Poolampatti is a panchayat town in Idappadi taluk of Salem district in the Indian state of Tamil Nadu. It is one of the 31 panchayat towns in the district. Spread across an area of 8 km2, it had a population of 9,477 individuals as per the 2011 census.

== Geography and administration ==
Poolampatti is located in Idappadi taluk of Salem district in the Indian state of Tamil Nadu. It is one of the 31 panchayat towns in the district. Spread across an area of 8 km2, it is located on the highway connecting Salem and Edappadi, about 49 km from Salem, and 12 km from Edappadi.

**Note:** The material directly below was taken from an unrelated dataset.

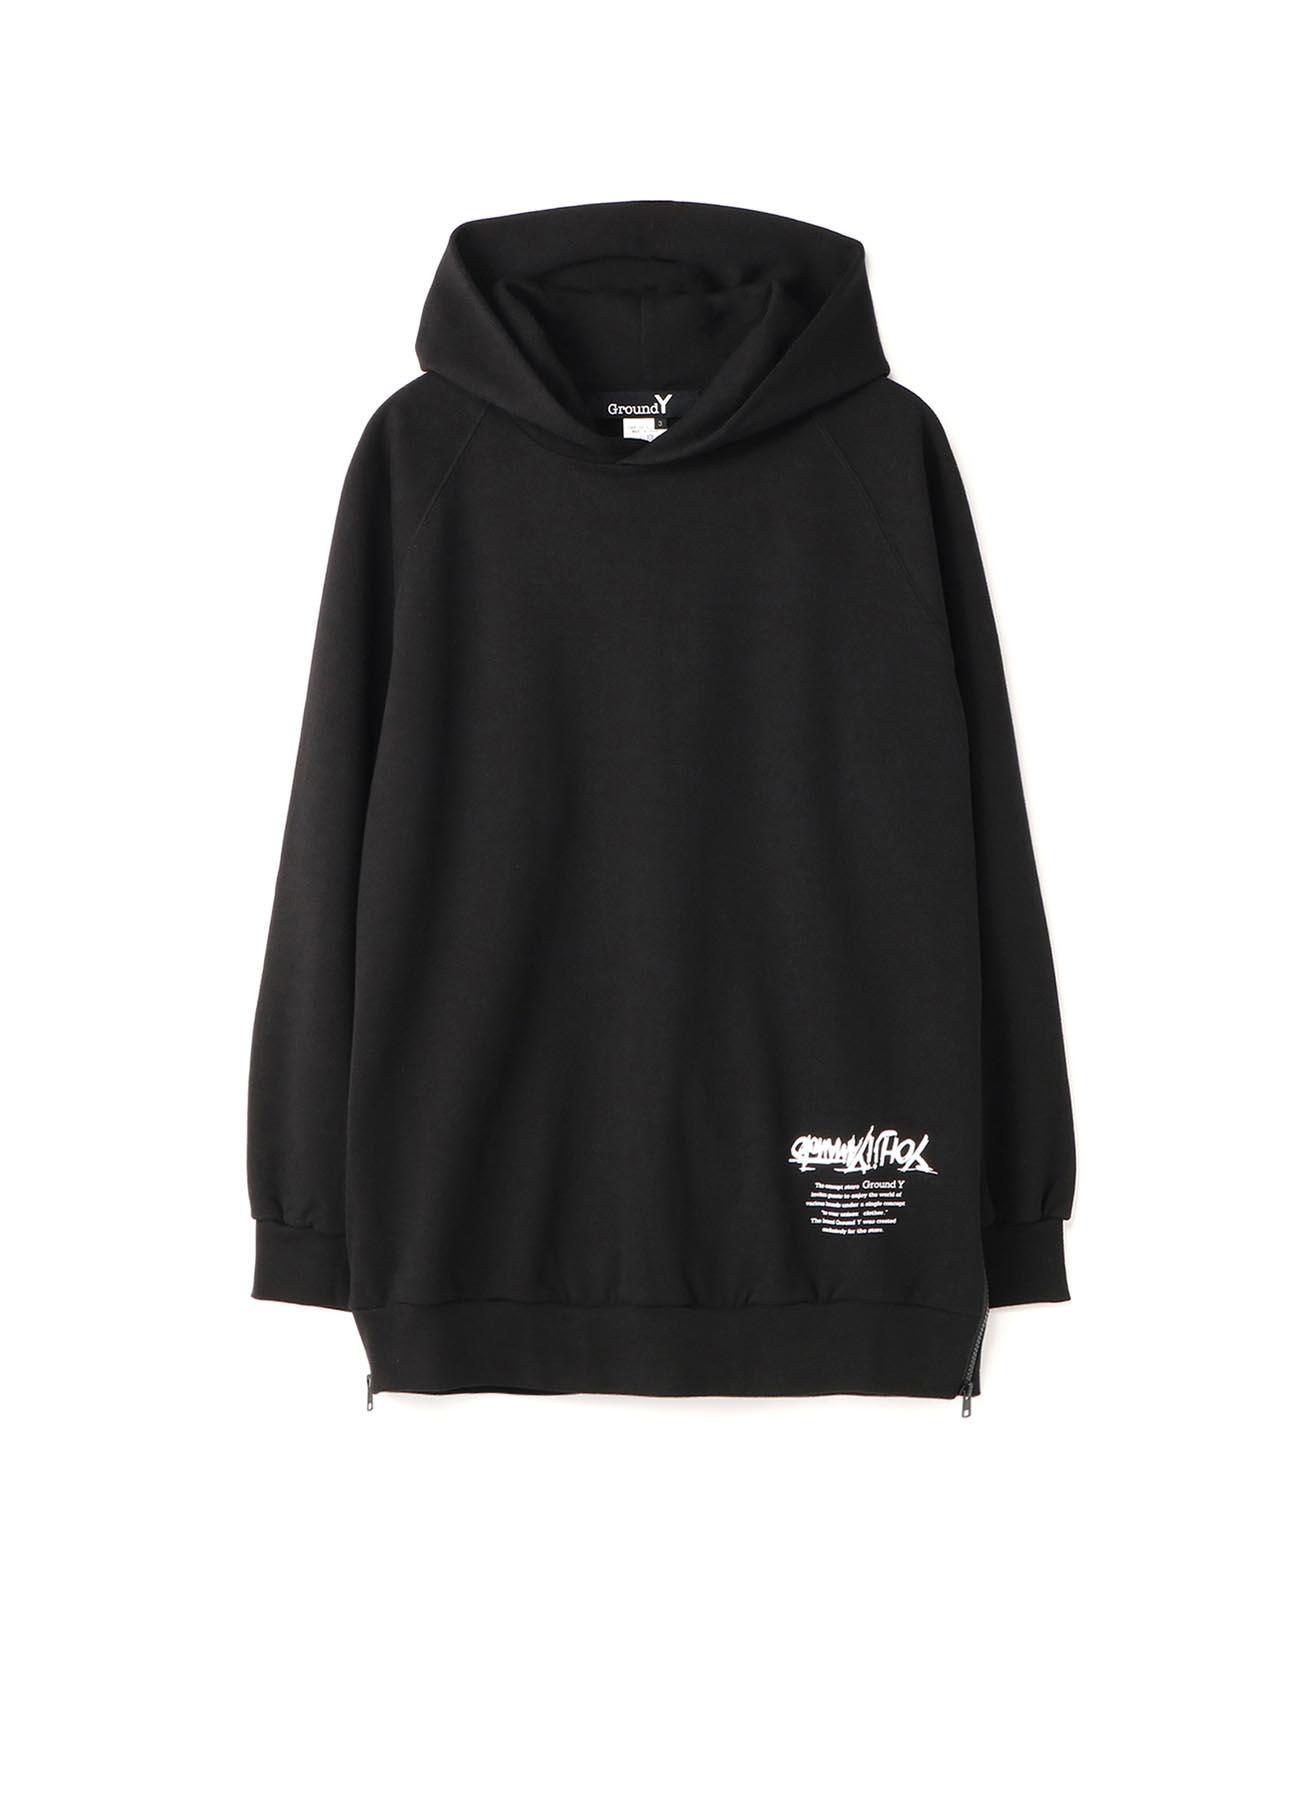 Yohji Yamamoto Upside Down LOGO Side Zipper Hoodie

The town panchayat is sub-divided into 15 wards. It is headed by a chairperson, who is elected by the members, who are chosen through direct elections. The town forms part of the Edappadi Assembly constituency that elects its member to the Tamil Nadu legislative assembly and the Salem Lok Sabha constituency that elects its member to the Parliament of India.

==Demographics==
As per the 2011 census, Poolampatti had a population of 9,477 individuals across 2,698 households. The population saw a marginal increase compared to the previous census in 2001 when 8,999 inhabitants were registered. The population consisted of 4,769 males and 4,708 females. About 799 individuals were below the age of six years. About 19.6% of the population belonged to scheduled castes. The entire population is classified as urban. The town has an average literacy rate of 67.3%.

About 57% of the eligible population were employed, of which majority were involved in agriculture and allied activities. Hinduism was the majority religion which was followed by 97.8% of the population, with Christianity (1.9%) and Islam (0.1%) being minor religions.